Perilous Vault, Magic, Magic 2015 (M15)

Perilous Vault, like Coercive Portal before it, is a move by Wizards I enjoy; introducing more colorless sweepers to the format. Honestly, Nevinyrral’s Disk is such a miserable card to be forced to play, and while you lose the ability to access the resources you lose to this from your graveyard, your opponent does as well, and there are very few situations in which you’ll activate this and lose more resources than your opponents will, which are what give sweepers such high value. In addition, exiling gets around Avacyn, Angel of Hope, Darksteel Plate and other such shenanigans, which add to its value.

#7 – Ajani Steadfast

Ajani Steadfast, Magic, Magic 2015 (M15)

See, now while I’m not a fan of most lifegain cards, Ajani has something about him that makes him a lot more powerful than those; he can do something other than just gain life. While this Ajani is very much dependent on having creatures or Planeswalkers out, he does a very good job of protecting himself with just a single creature, as you’re allowed to race your opponents with your attackers and keep the best one as a blocker. If they’re not attacking Ajani, they’re attacking you, and your best creature is gaining you a bunch of life to combat that.

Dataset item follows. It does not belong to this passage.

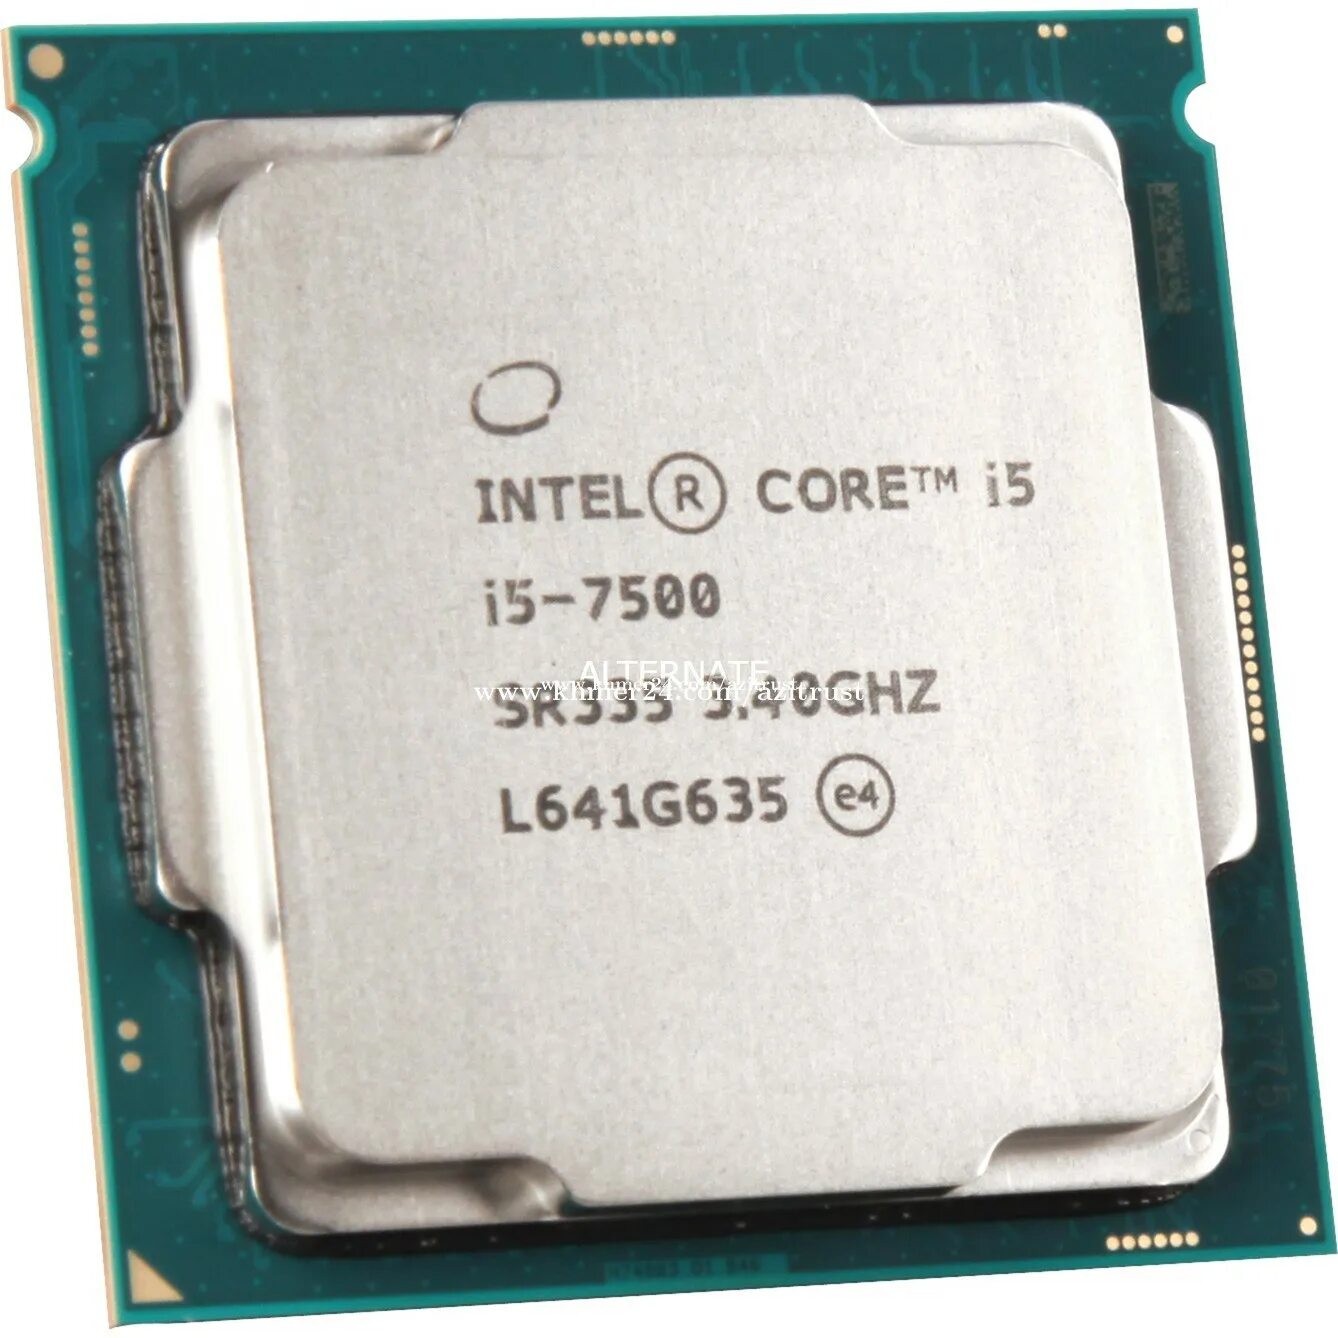 Интел 7500. Intel Core i5-7600k. Intel(r) Core(TM) i5. Intel(r) Core(TM) i5-7500t CPU @ 2.70GHZ 2.71 GHZ. Процессор Intel Core i3-10100f.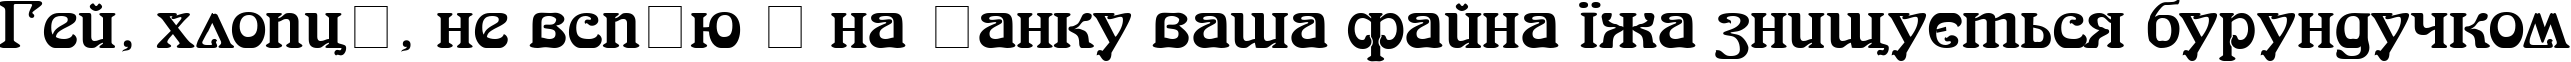 Пример написания шрифтом SkazkaForSerge Medium текста на украинском

If your army is large enough, Ajani can opt to just make them that much more powerful, and while the ability in that sense fails to evocate his original incarnation, Ajani Goldmane, where this Ajani succeeds is his emblem; much like Venser, the Sojourner or Elspeth, Knight-Errant, his emblem is impossibly difficult to break through, and Doubling Season makes it a frightening possibility. That’s not to mention just how well he plays with other Planeswalkers, being one of the first effects to place loyalty counters on other Planeswalkers specifically. Overall, Ajani brings a fair amount to the table, I find, and has merit in a few strategies as a powerful enabler and has great potential in a creature-based goodstuff list.

#6 – Soul of Theros

Soul of Theros, Magic, Magic 2015 (M15)

Like Ajani, Soul of Theros is the type of lifegain effect I can get behind. Untapping with this is indicative of a won game, as the life you’re inevitably gaining from a single activation is astronomical in the right board state; not to mention the fact that your creatures are becoming brick walls on both offense and defense. Alongside Heliod, God of the Sun and Iroas, God of Victory, this thing just seems absurd, and I’m not going to lie and say I haven’t considered it as a top-end finisher in Marath, Will of the Wild. Tokens and any value creature, particularly deathtouch or power-matters ones, will very much enjoy a boost from Soul of Theros, and while it definitely feels win-more on the surface, it’s an absolutely fine creature on its own, as it will attack into as well as block a large portion of the format with impunity, and its activation is threatening both on-board and from the graveyard as well.

#5 – Soul of Shandalar

Soul of Shandalar, Magic, Magic 2015 (M15)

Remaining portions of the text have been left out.